Tilting motions of the ectodomain and TMD are independent.
(A) Representative structures illustrating different ectodomain tilt angles and the schematic showing how tilt angles are calculated. (B) Ectodomain tilt versus TMD tilt, calculated from CT-truncated systems with various initial configurations.
Despite the considerable tilting of the ectodomain relative to the membrane, its internal structure remains rigid and well-preserved throughout the simulations. The root-mean-square fluctuation (RMSF) and root-mean-square deviation (RMSD) of the ectodomain were calculated after the snapshots from each trajectory were aligned to the initial structure by maximizing the overlap in the ectodomain. The majority of the ectodomain displays low RMSF (< 2 Å), and the RMSD stabilized around 4 Å after an initial rise during the first 250 ns (Figures 3A and S7). Higher RMSF values were observed in the residues missing from the cryo-EM structure highlighted in red in Figures 1A and B, and in part of HR1 (Q551-H564) that forms a flexible loop at the interface between two neighboring protomers. In addition, the RMSF of the MPER was also calculated with the trajectories aligned by the ectodomain. The entire MPER (K665–R683) and the adjacent HR2 segment (L660–D664) at the C-terminus of the ectodomain exhibited elevated fluctuations. The gp120–gp41 model was built based on the NMR structure in which the MPER adopts a bent conformation consisting of two helices joined by a sharp turn. The resulting trimer widens from the HR2 helix to the midpoint of the MPER (F673) and narrows from F673 to the TMD. However, this specific conformation was not maintained throughout the simulations. We measured the inter-chain distances between the Cα atoms of corresponding residues (G644, E654, D664, and F673) on neighboring protomers to characterize the structural variation along the HR2 helix and the MPER (Figure 3B). The inter-chain distances of G644 and E654 maintained narrow distributions centered on their initial values, while those of D664 and F673 exhibited broader distributions, reflecting inward shifts of three protomers. This effect was more pronounced in uncleaved systems. In cleaved systems, the HR2 helix interacted with residues M530-N543 and L619-N625 of neighboring protomers, which helps to stabilize the bent MPER conformation (Figures 3C and D). However, these interactions were not consistently observed across all protomers and all simulations, and therefore we still observed considerable conformational variability in this region. In uncleaved systems, the closed loop at the cleavage site occupied the space between the HR2 helix and the neighboring protomer, disrupting their interactions and facilitating inward shifts of the HR2 helix (Figures 3E and F).

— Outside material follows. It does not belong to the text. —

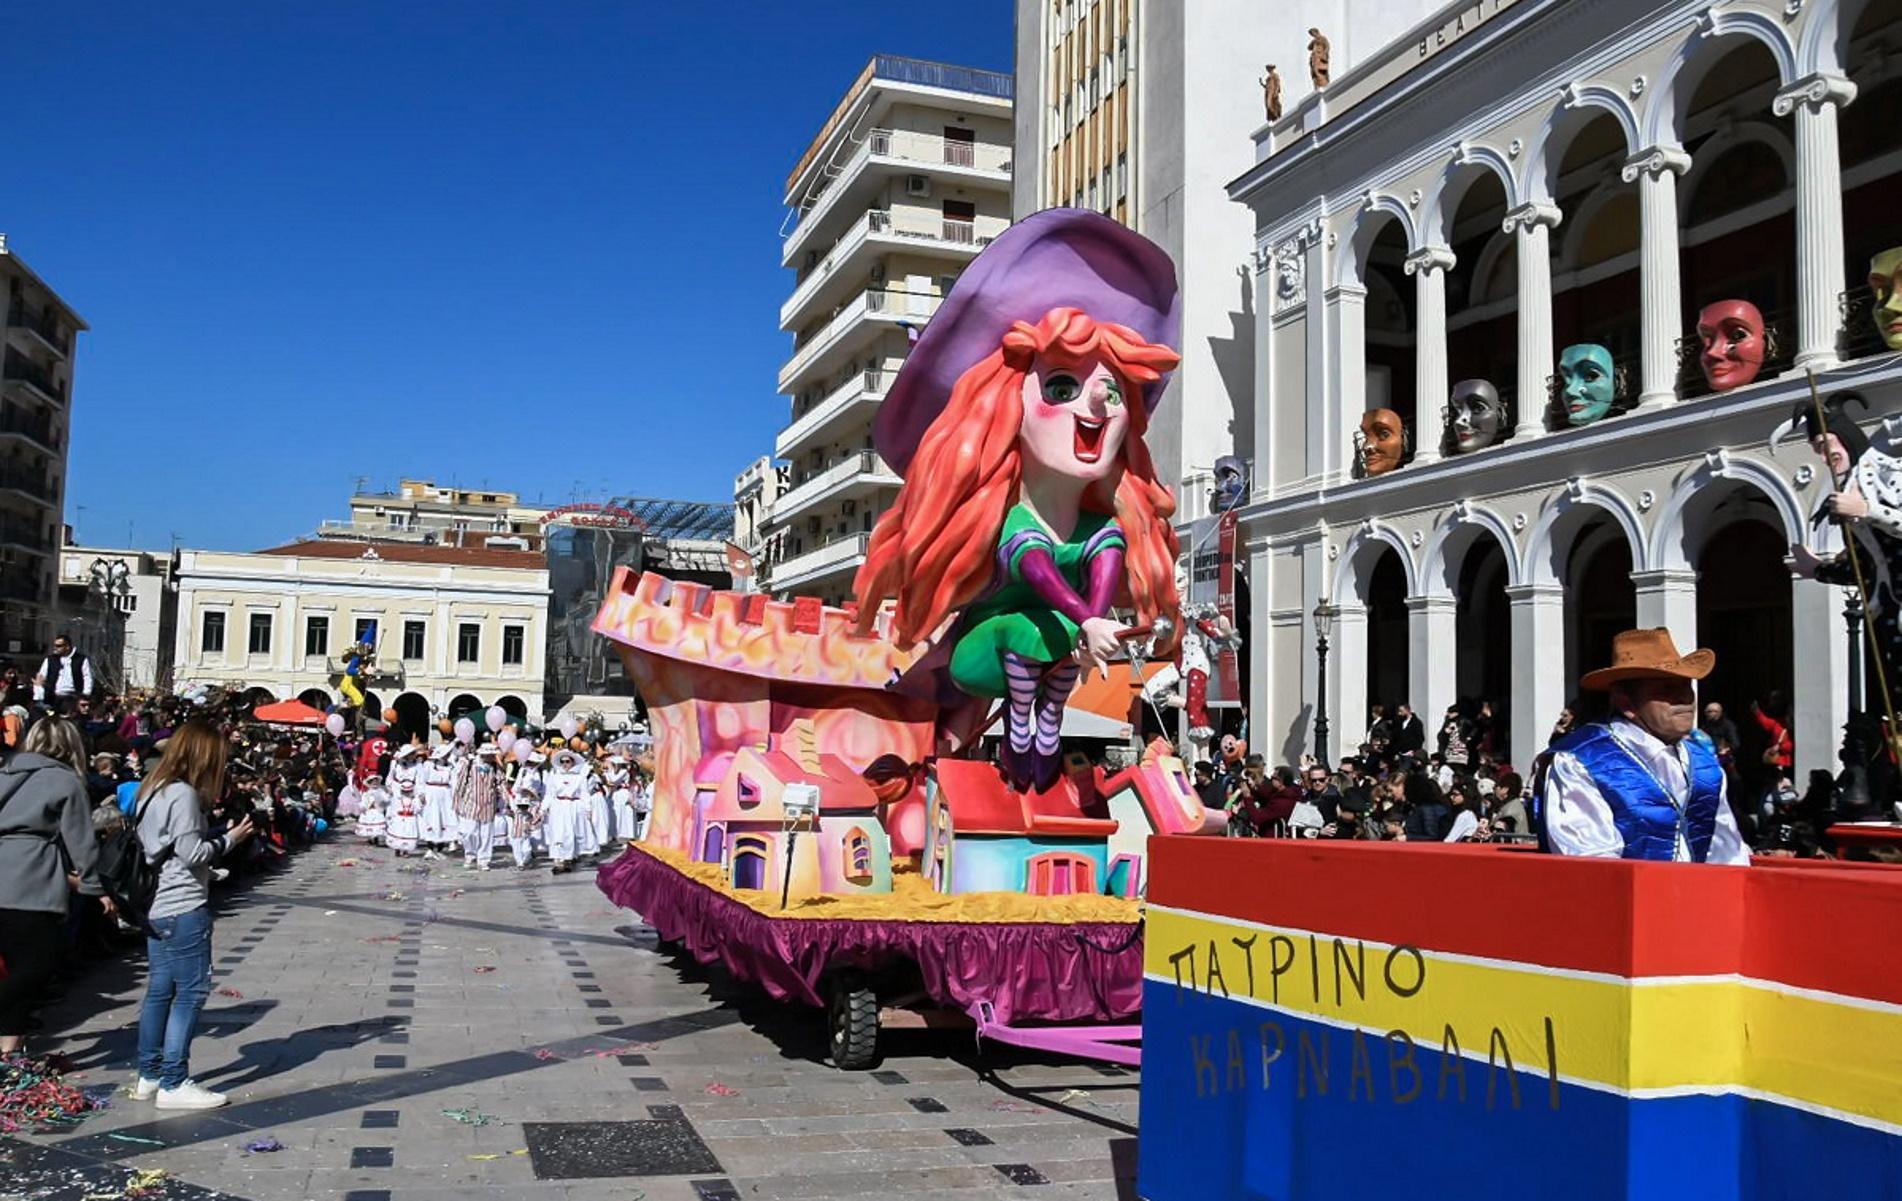 Πατρινό Καρναβάλι 2021 τέλος λόγω κορονοϊού: Πώς θα γιορταστεί

Ectodomain is rigid, whereas the MPER is highly flexible and adopts diverse conformations.
(A) Top and side views of the ectodomain and MPER in the cleaved system, with RMSF indicated by color. (B) Schematic illustrating the calculation of interchain distance and its distributions measured at the Cα atoms of G644, E654, D664, and F673. Cleaved and uncleaved systems are represented by solid and transparent colors, respectively. The initial values of interchain distances are marked by purple stars. (C–F) Local structures of the ectodomain C-terminus and MPER. The HR2 helix and MPER in one protomer are highlighted in dark yellow, with the Cα atoms of four selected residues marked by blue, orange, green and red spheres. (C) The initial conformation and (D) representative snapshot from simulations of the cleaved system. (E) The initial conformation and (F) representative snapshot from simulations of the uncleaved system.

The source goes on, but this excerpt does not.